La Mia Notte di Fuoco in Villa sul Mare Mediterraneo
Ero appena arrivata in questa villa esclusiva sulla Costiera Amalfitana, un paradiso di marmo bianco e terrazze sul mare. Il jet privato mi aveva lasciata lì, con il profumo di salsedine e limoni misti all’aria di Chanel No.5 di Alessandra, la mia ospite. Lei, elegante in un abito di seta, mi accoglie con un bacio sulla guancia che dura un secondo di troppo. ‘Benvenuta, cara Sofia’, sussurra, la sua mano che sfiora la mia schiena.
Entriamo nel boudoir privato, tendaggi di velluto rosso, tappeti persiani soffici sotto i piedi nudi. Mariella, la padrona di casa, una donna sulla cinquantina con curve perfette e un portamento da regina, versa del Prosecco ghiacciato. Il fizz sulle bollicine, il gusto aspro e fresco in bocca. Ci sediamo sui divani di lino egiziano, così morbidi che ti avvolgono. ‘Raccontami del tuo viaggio’, dice Mariella, i suoi occhi che scivolano sul mio décolleté. Sento il calore salire, l’aria profumata di gelsomino dal giardino.

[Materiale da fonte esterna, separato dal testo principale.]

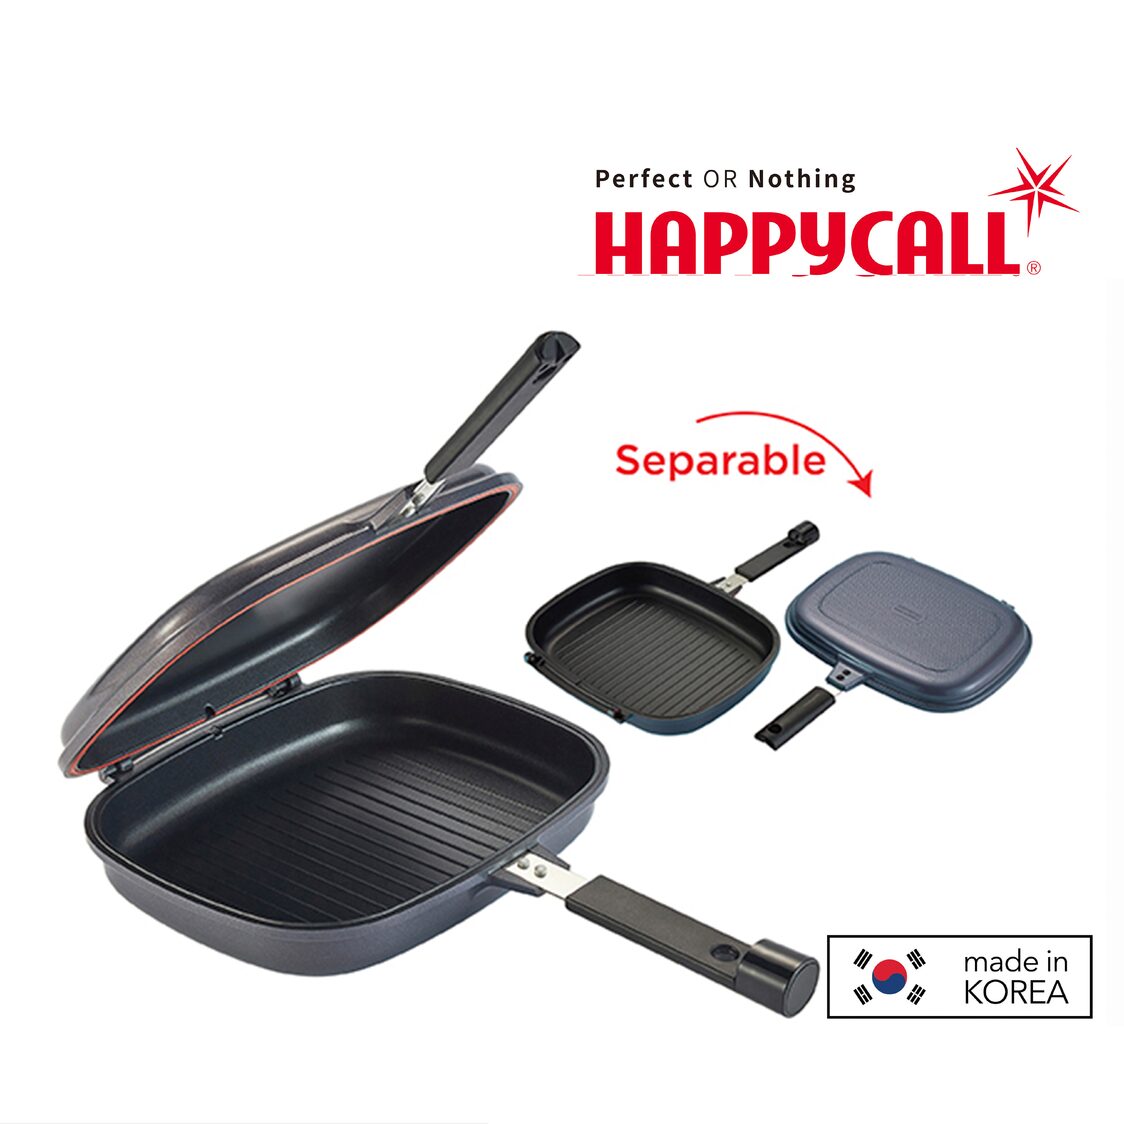 Happycall Double Pan Jumbo Grill - Happycall USA
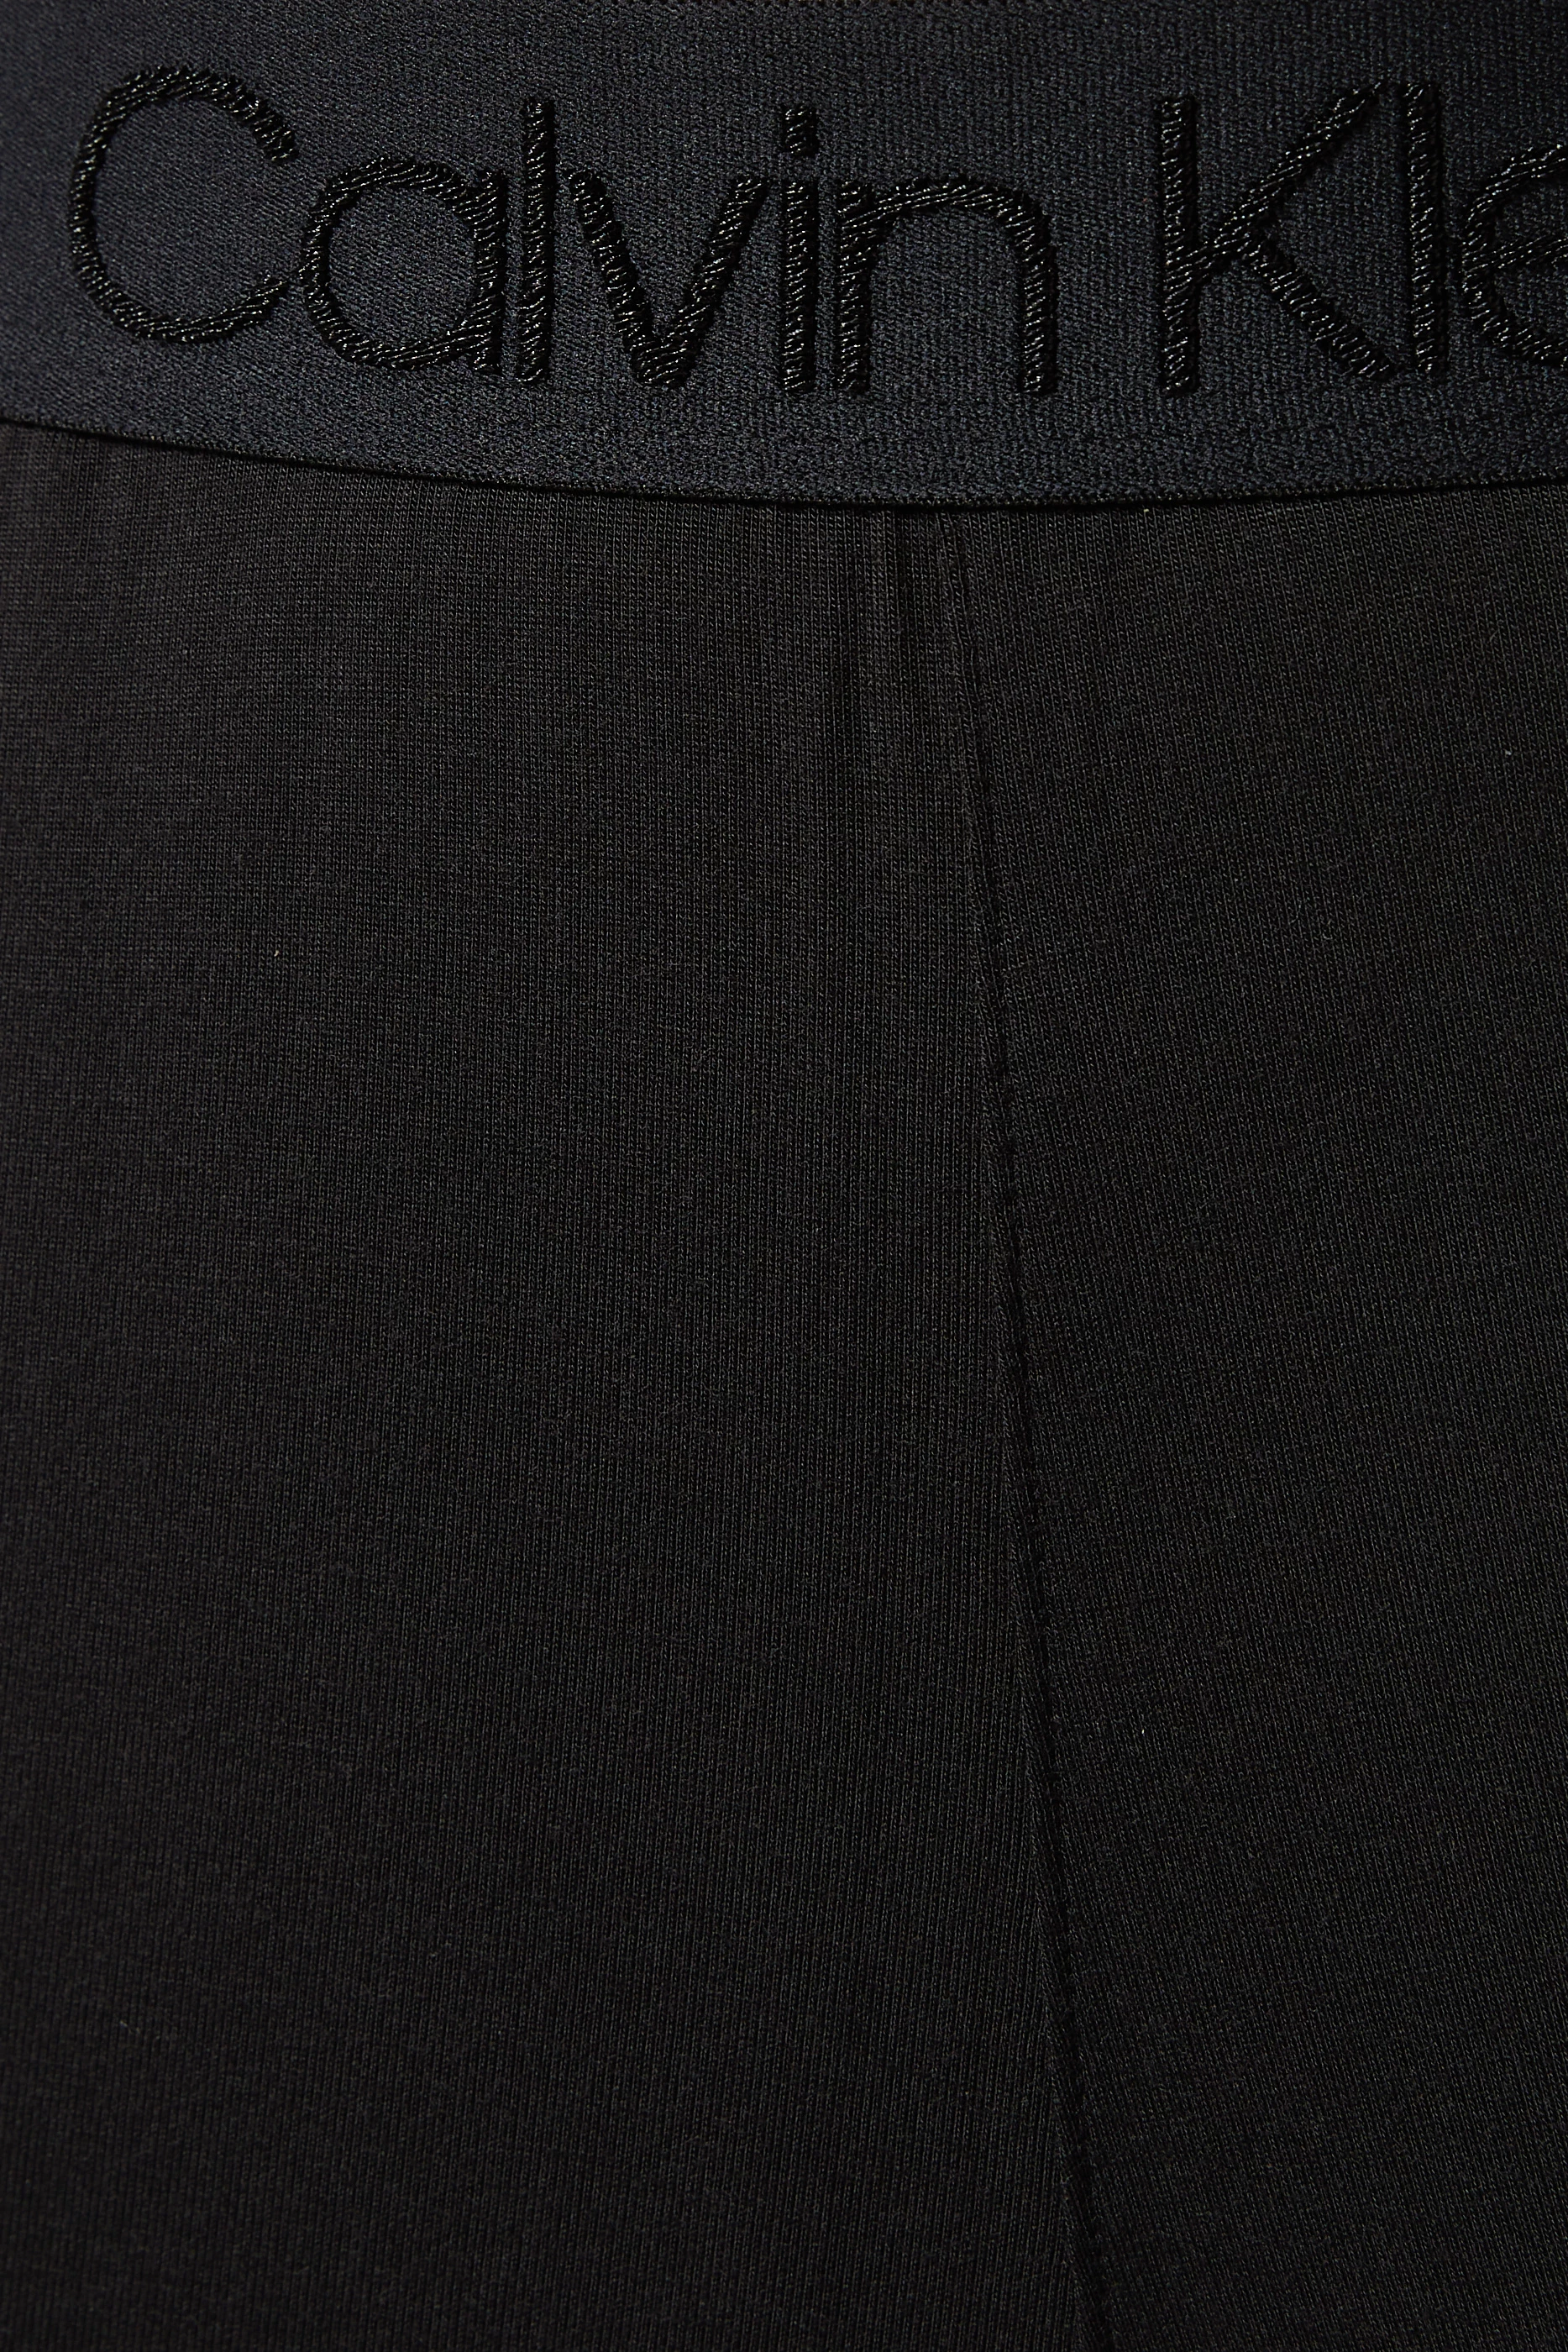 Calvin Klein Women's Modern Cotton Pyjama Bottoms, Black, Medium(M) : Buy  Online at Best Price in KSA - Souq is now : Fashion

L’Arrivo nella Villa di Lusso e la Tensione che Sale
Alessandra ride piano. ‘Sofia è qui per rilassarsi, vero? Niente formalità’. Mi slaccio il vestito, lo lascio cadere. Il peignoir di seta si apre appena. Mariella arrossisce, ma non distoglie lo sguardo. ‘Sei stupenda’, mormora. La tensione cresce, i nostri respiri si fanno pesanti. Alessandra si avvicina, le sue dita sfiorano la mia coscia. ‘Mostriamole quanto siamo libere qui’. Il cuore mi batte forte, il sole tramonta tingendo la stanza di arancione.
Mi alzo, lascio cadere il peignoir. Nuda, la pelle freme sotto i loro occhi. Alessandra segue, il suo corpo atletico, seni pieni con capezzoli rosa che si induriscono. Mariella ansima, ‘Dio, siete divine’. Si unisce, slacciando il corpetto. La sua figa rasata, labbra carnose, già lucida. Ci accarezziamo piano, mani su seni, odore di pelle calda e desiderio. ‘Toccami’, le dico, e lei obbedisce, dita che entrano nella mia figa bagnata.
L’Esplosione di Passione Carnale Senza Limiti
La passione esplode. Alessandra mi spinge sul divano, le gambe aperte. ‘Leccami la figa, Mariella’. Lei si inginocchia, lingua esperta che scava nel mio clitoride gonfio. Gemo forte, ‘Sì, cazzo, più profondo!’. Il sapore del mio umore sulla sua bocca, misto al Prosecco. Io afferro i seni di Alessandra, succhio i capezzoli duri come diamanti. Lei si siede sul mio viso, la sua figa pelosa e fradicia mi soffoca di piacere. ‘Mangiami tutta, troia!’, grida, mentre si struscia.
Mariella infila due dita nella mia fica, poi tre, pompa veloce. Io vengo urlando, schizzi che le bagnano il viso. Alessandra si gira, 69 con Mariella: lingue che leccano cazzi invisibili, fighe che squirmano. Io le infilo la lingua nel culo ad Alessandra, stretto e profumato di muschio. ‘Fottimi con la lingua!’, implora. Orgasmi multipli, corpi sudati che tremano. Il lusso si fa sudiciume puro: figa leccata, culo stimolato, capezzoli morsi fino al sangue leggero.
Ci accasciamo esauste sui lenzuola di lino fresco, corpi intrecciati. Il mare rumoreggia fuori, un bicchiere di Prosecco per brindare. ‘È stato divino’, sussurra Mariella, accarezzandomi il seno. Sento il privilegio: solo noi, élite del piacere. Nessun rimpianto, solo soddisfazione profonda. Questo è il vero lusso, cara, un momento eterno in una villa da sogno.